> [PROBLEM TO WORK ON]: Below is a listing to write out in full, exactly as given, without its pictures.

====== INFORMATION SUPPLIED ======

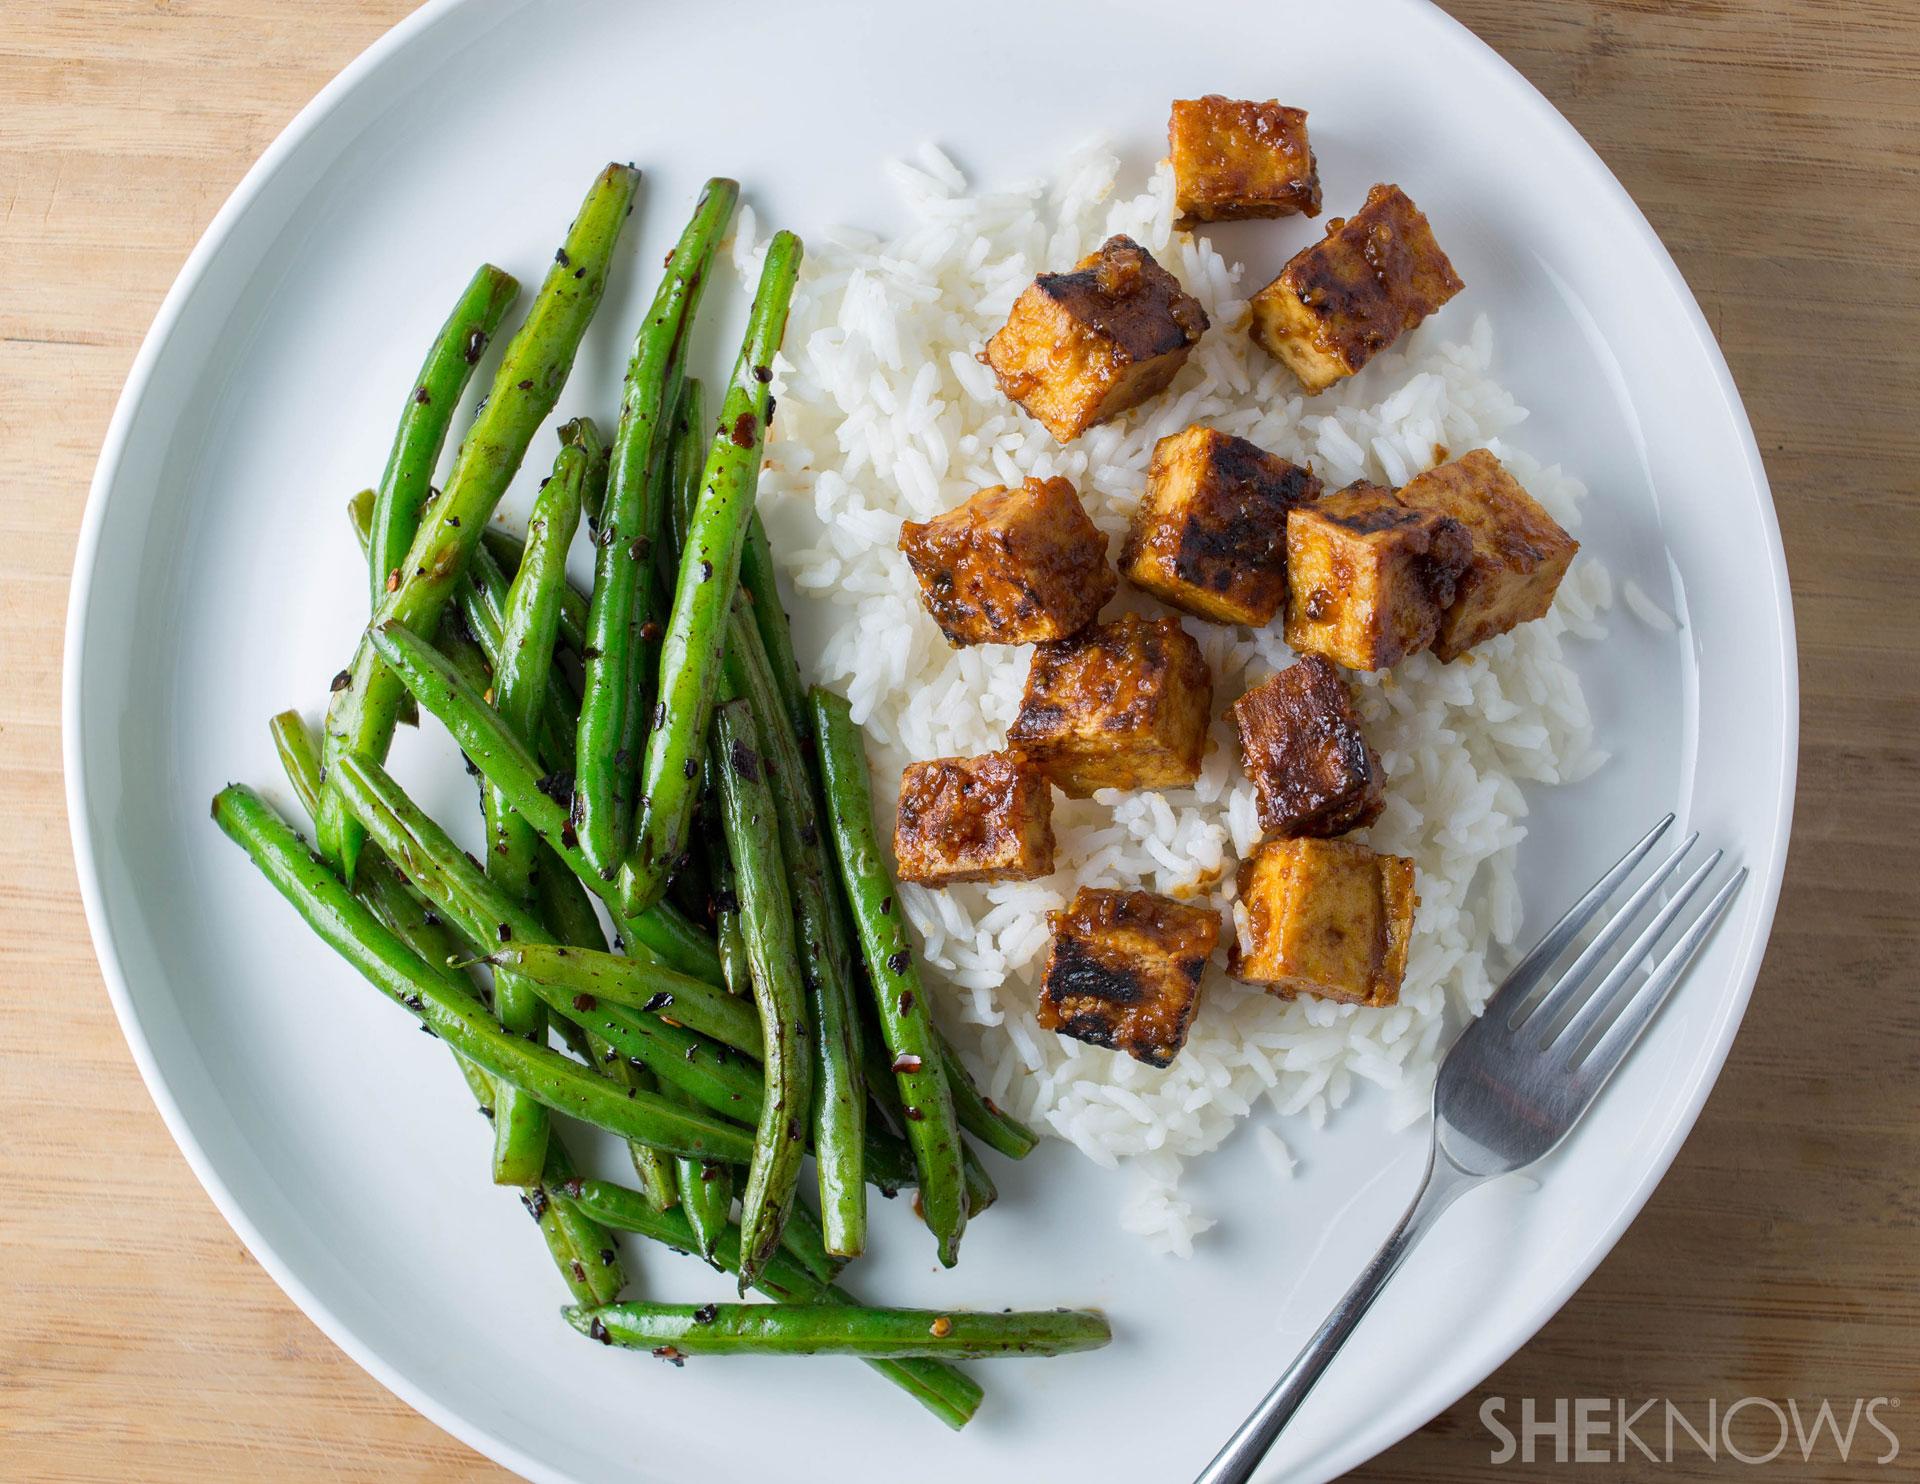 Weeknight vegan dinner
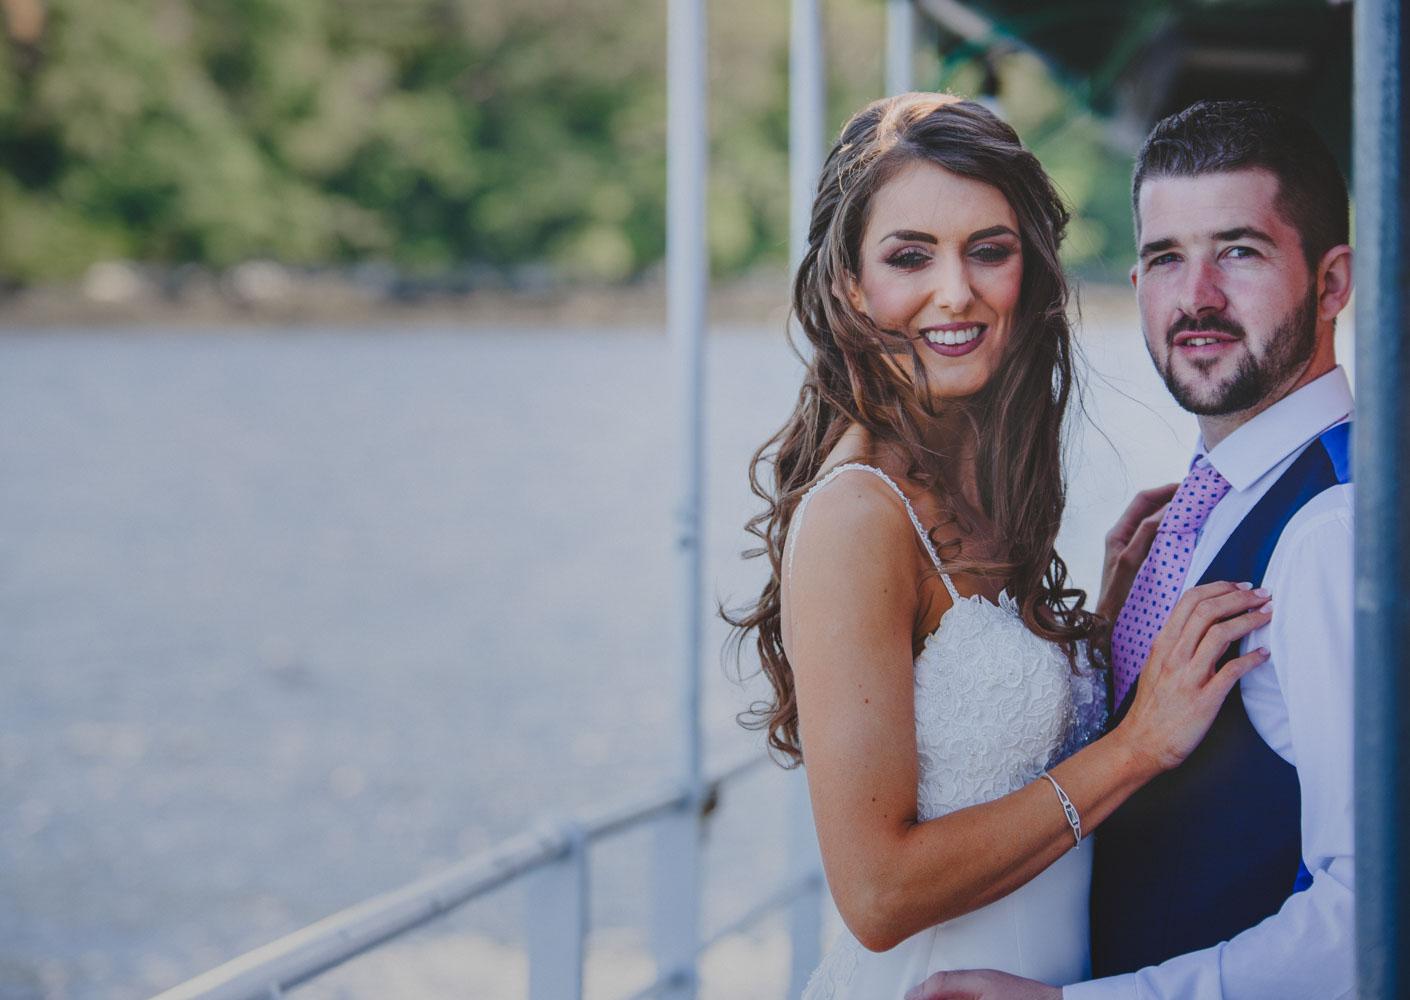 Eadaoin & Jason Killarney 17.06.2017  (reportage of the wedding as second photographer)
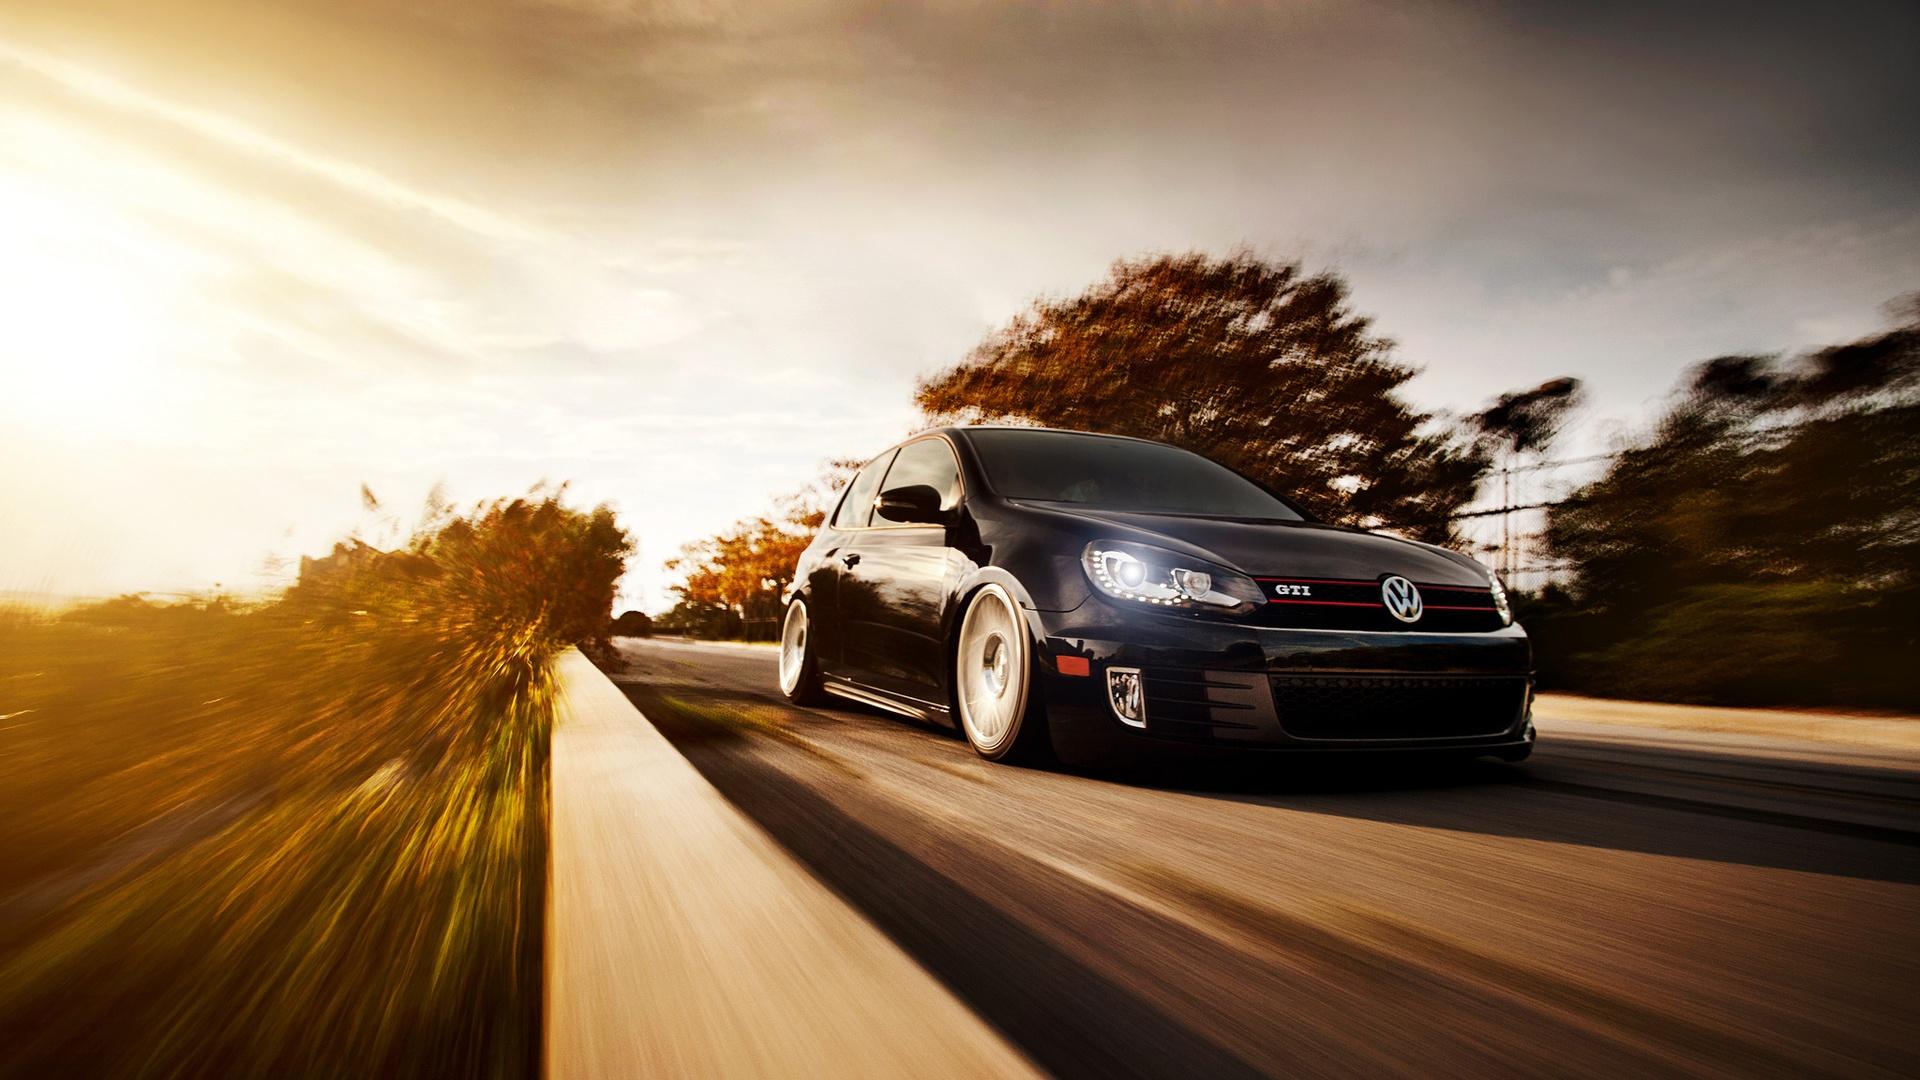 Wallpaper Volkswagen Golf GTI, black color car, road ...
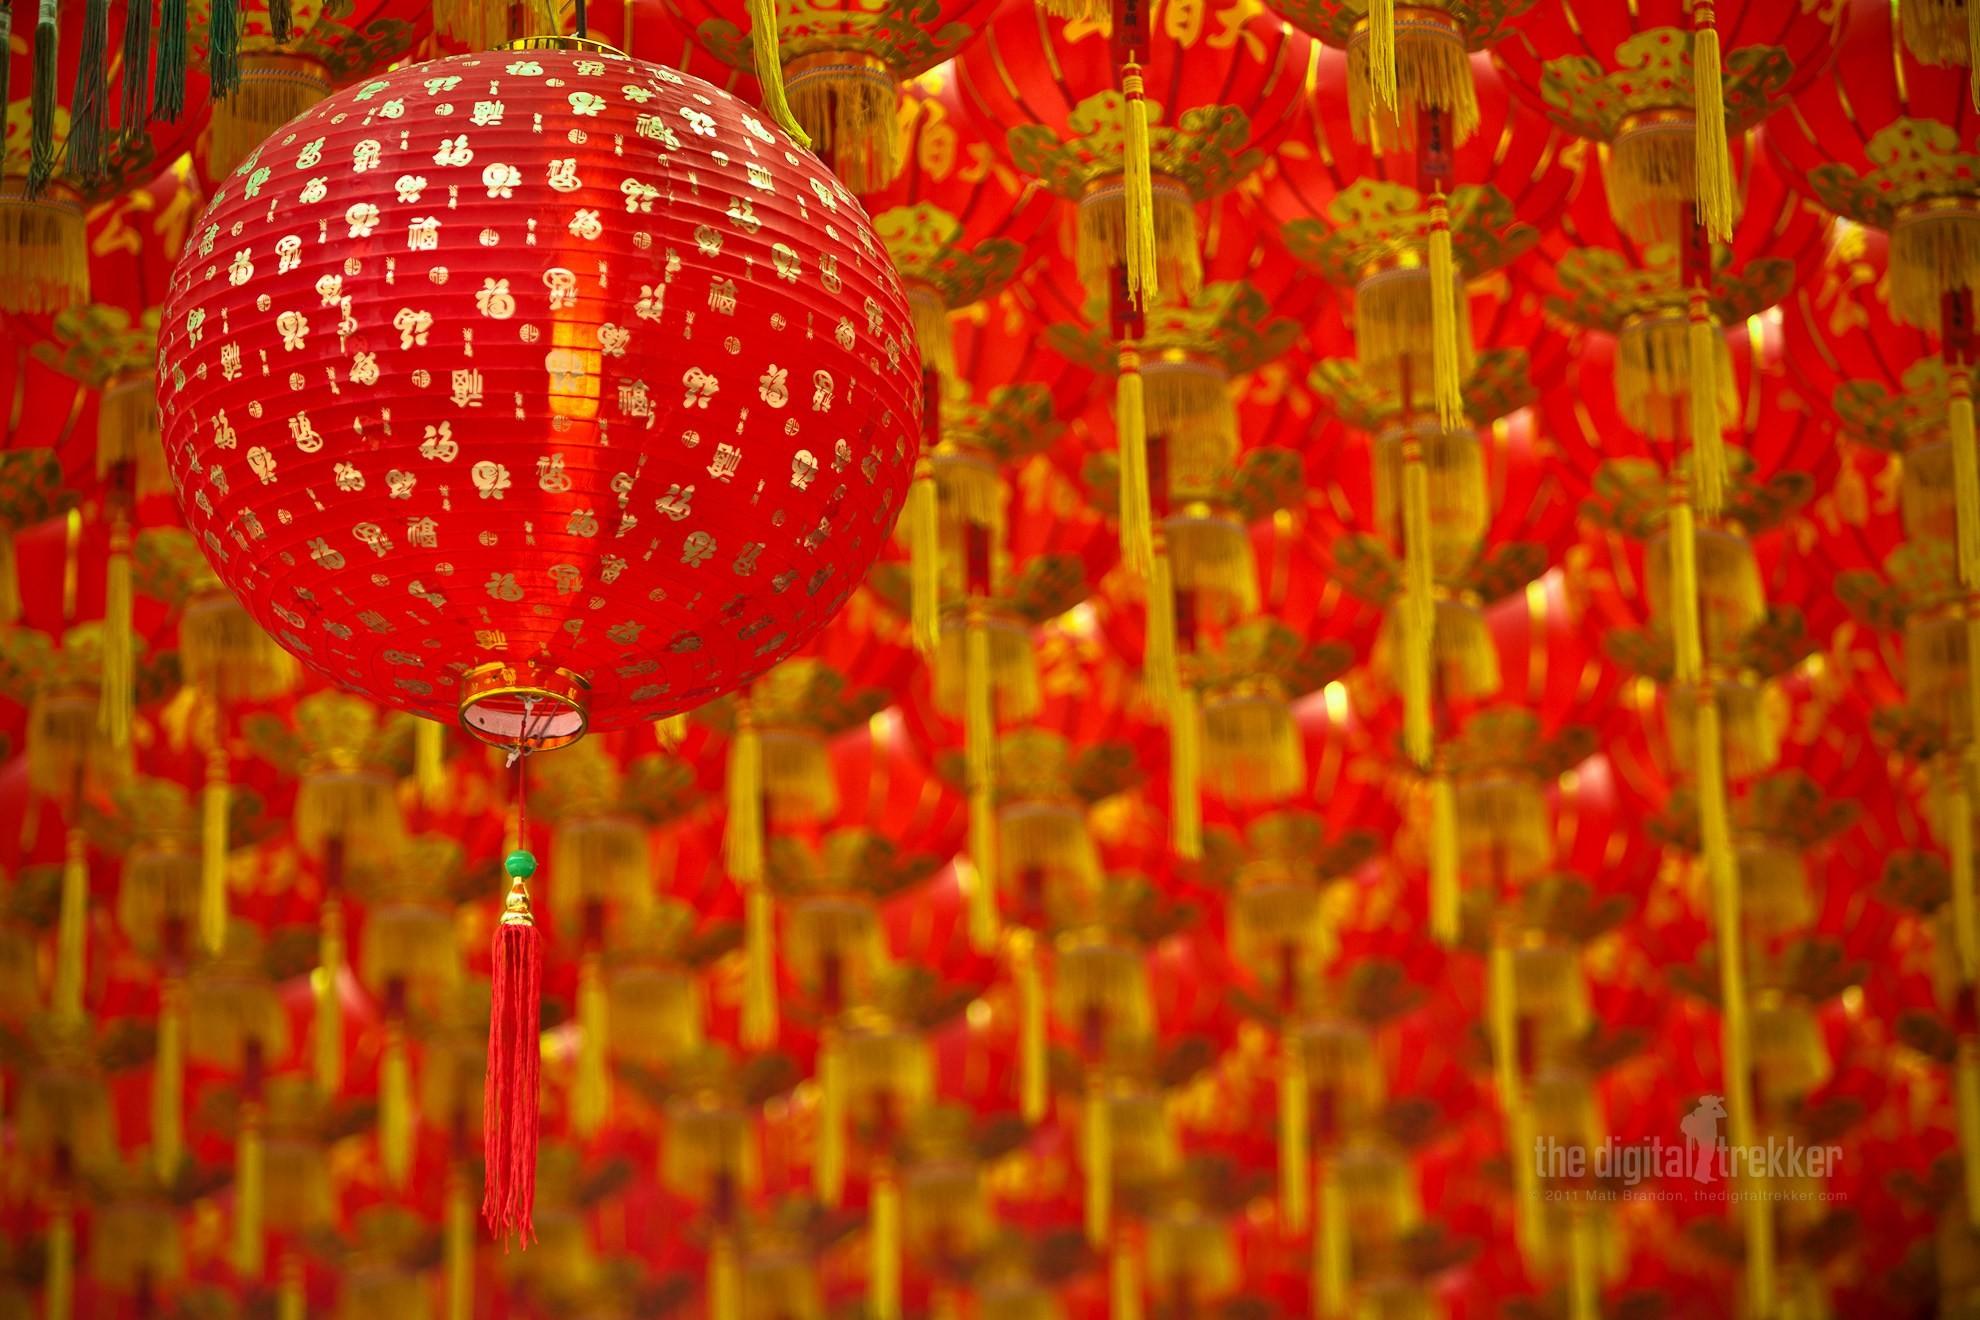 Wallpaper: February '11 – Happy Chinese New Year!

======

> [YOUR RESPONSE]:
 Weeknight vegan dinner
 Eadaoin & Jason Killarney 17.06.2017  (reportage of the wedding as second photographer)
 Wallpaper Volkswagen Golf GTI, black color car, road ...
 Wallpaper: February '11 – Happy Chinese New Year!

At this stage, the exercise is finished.